## YOUR GOAL
Your answer should contain only the lines from the top of the data below down through the one with "all of that in", transcribed exactly and without pictures; please include nothing more.

## Collected data entries
BEGIN

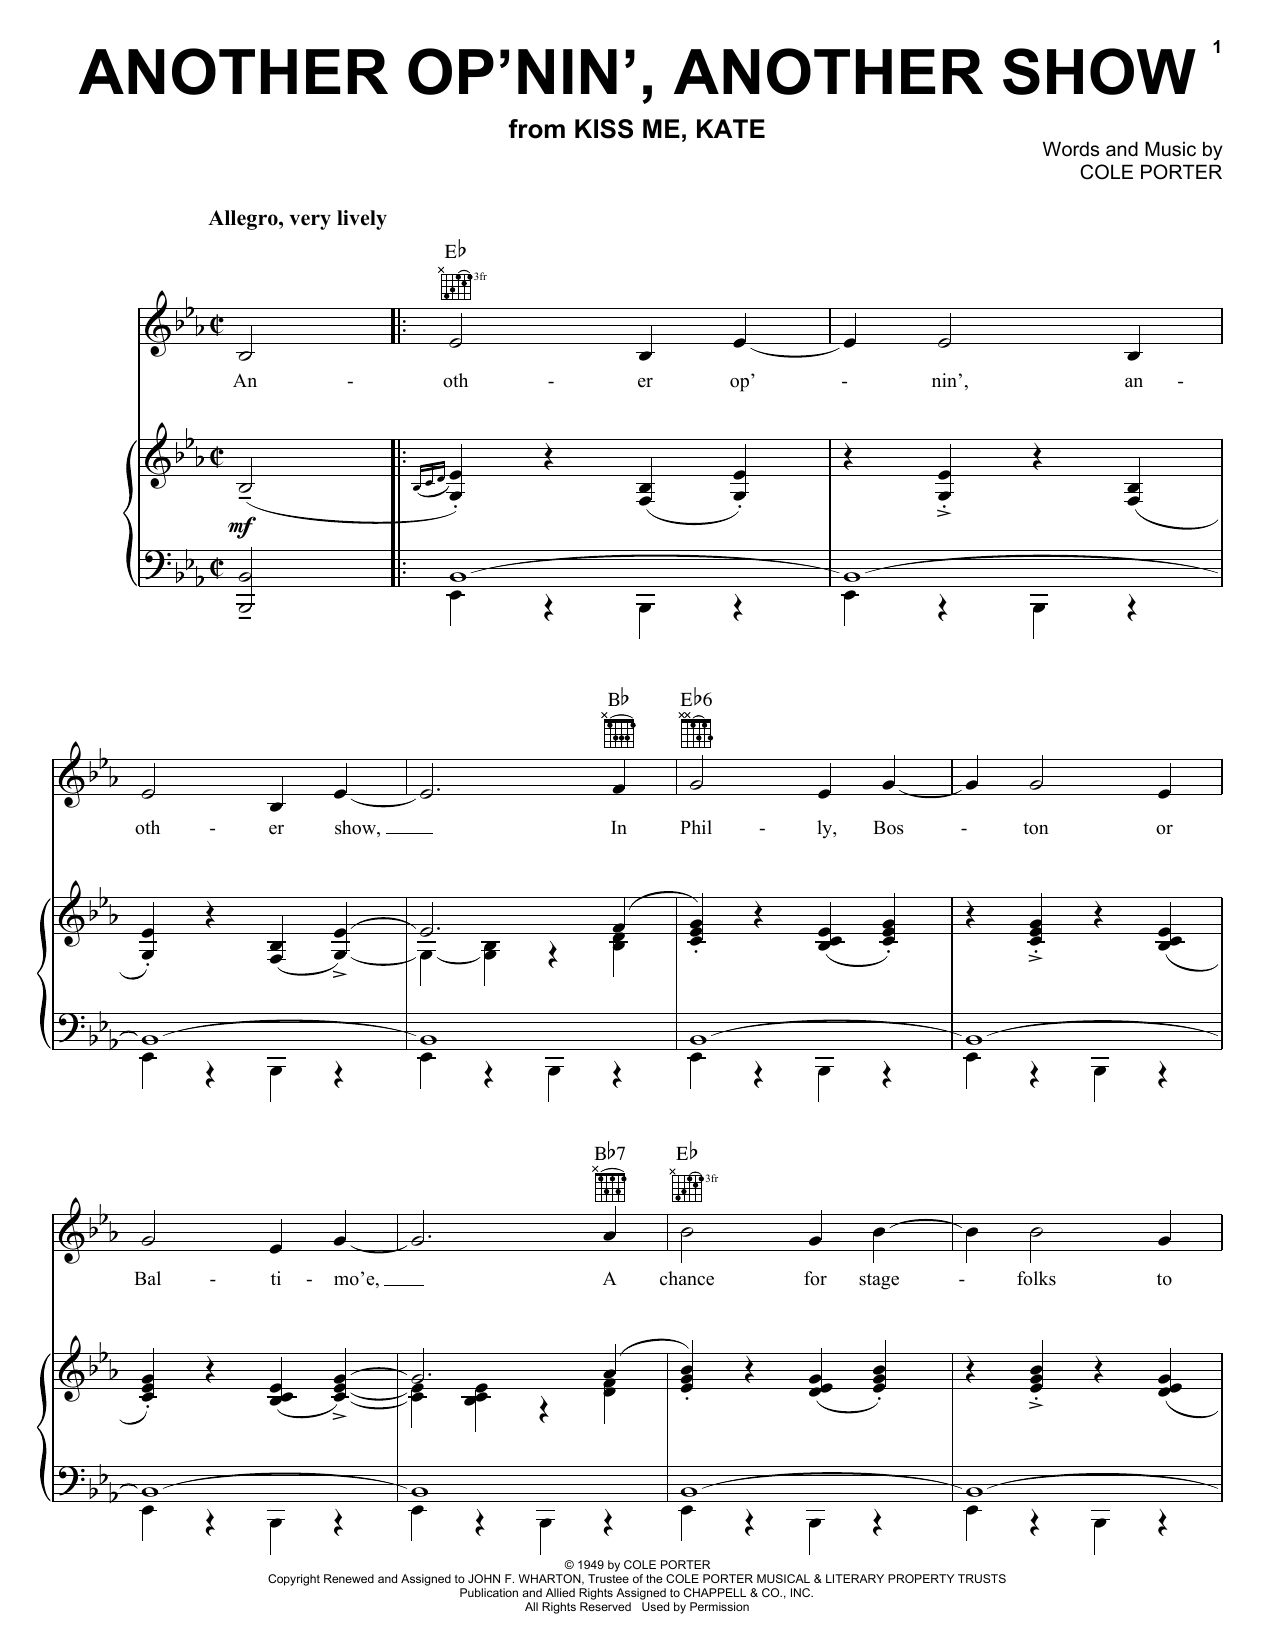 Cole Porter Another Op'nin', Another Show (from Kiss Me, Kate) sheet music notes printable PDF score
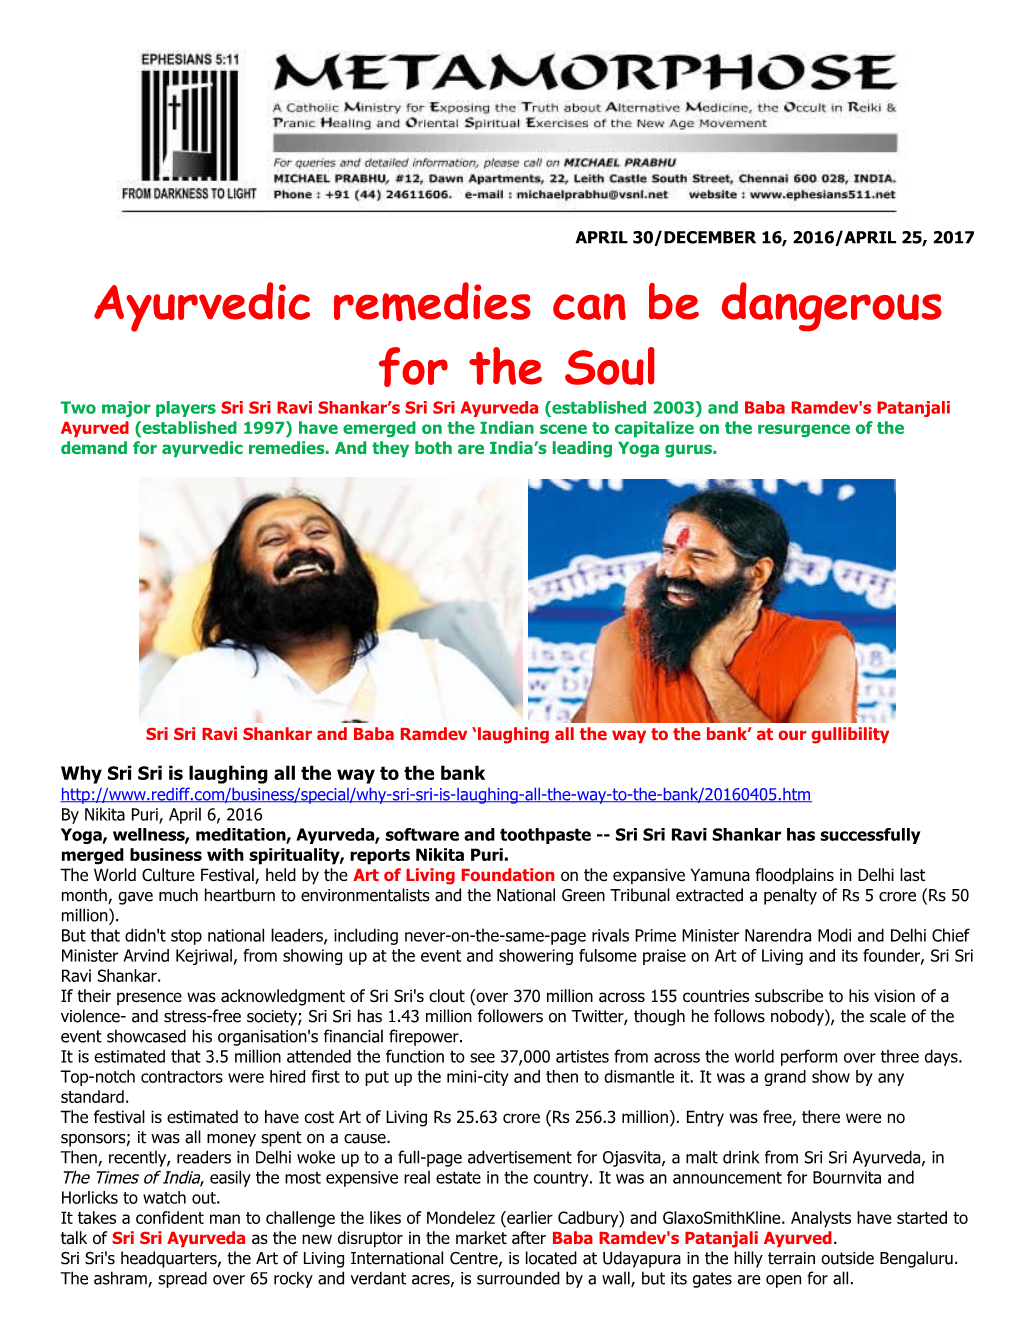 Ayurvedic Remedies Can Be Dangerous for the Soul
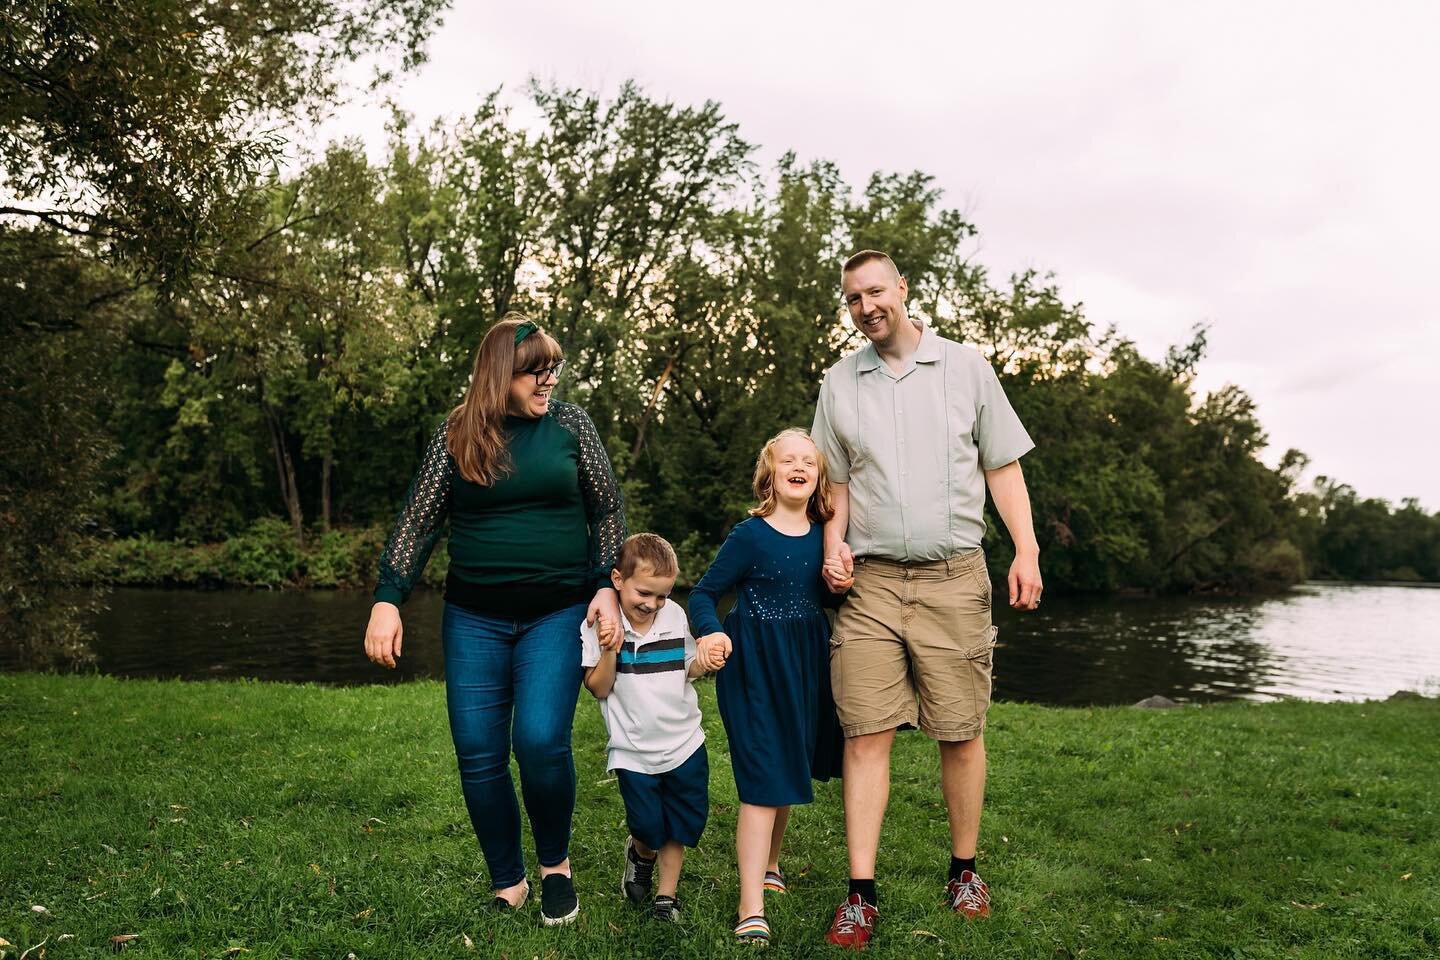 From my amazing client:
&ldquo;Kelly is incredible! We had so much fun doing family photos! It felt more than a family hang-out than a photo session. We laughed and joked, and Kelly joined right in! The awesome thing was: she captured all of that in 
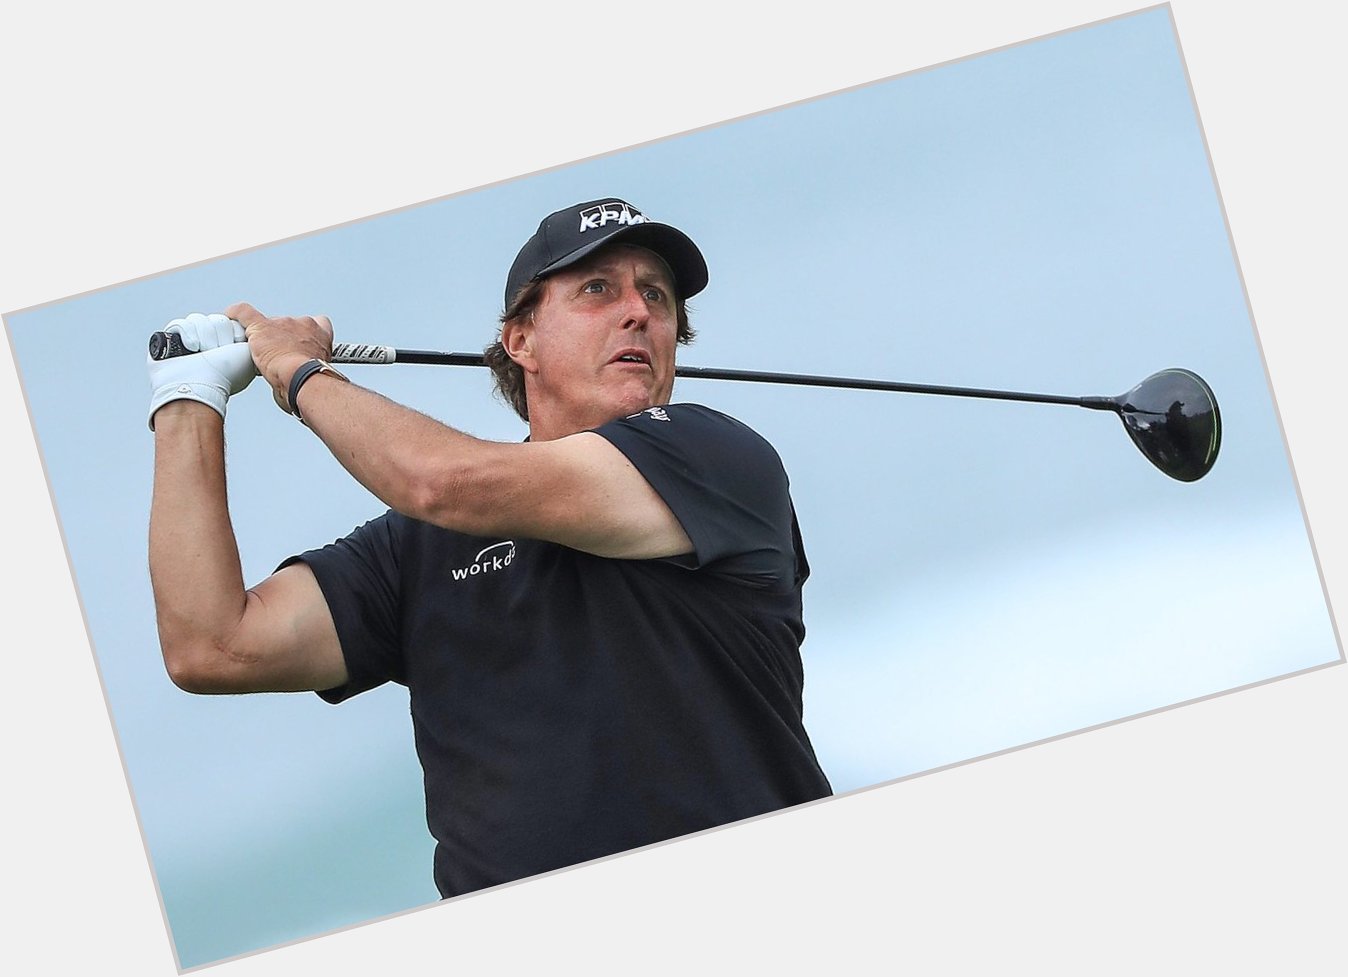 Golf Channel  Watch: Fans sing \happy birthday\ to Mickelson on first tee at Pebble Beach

END

## YOUR SOLUTION
 Cole Porter Another Op'nin', Another Show (from Kiss Me, Kate) sheet music notes printable PDF score
 Ayurvedic Remedies Can Be Dangerous for the Soul
 From my amazing client:
&ldquo;Kelly is incredible! We had so much fun doing family photos! It felt more than a family hang-out than a photo session. We laughed and joked, and Kelly joined right in! The awesome thing was: she captured all of that in 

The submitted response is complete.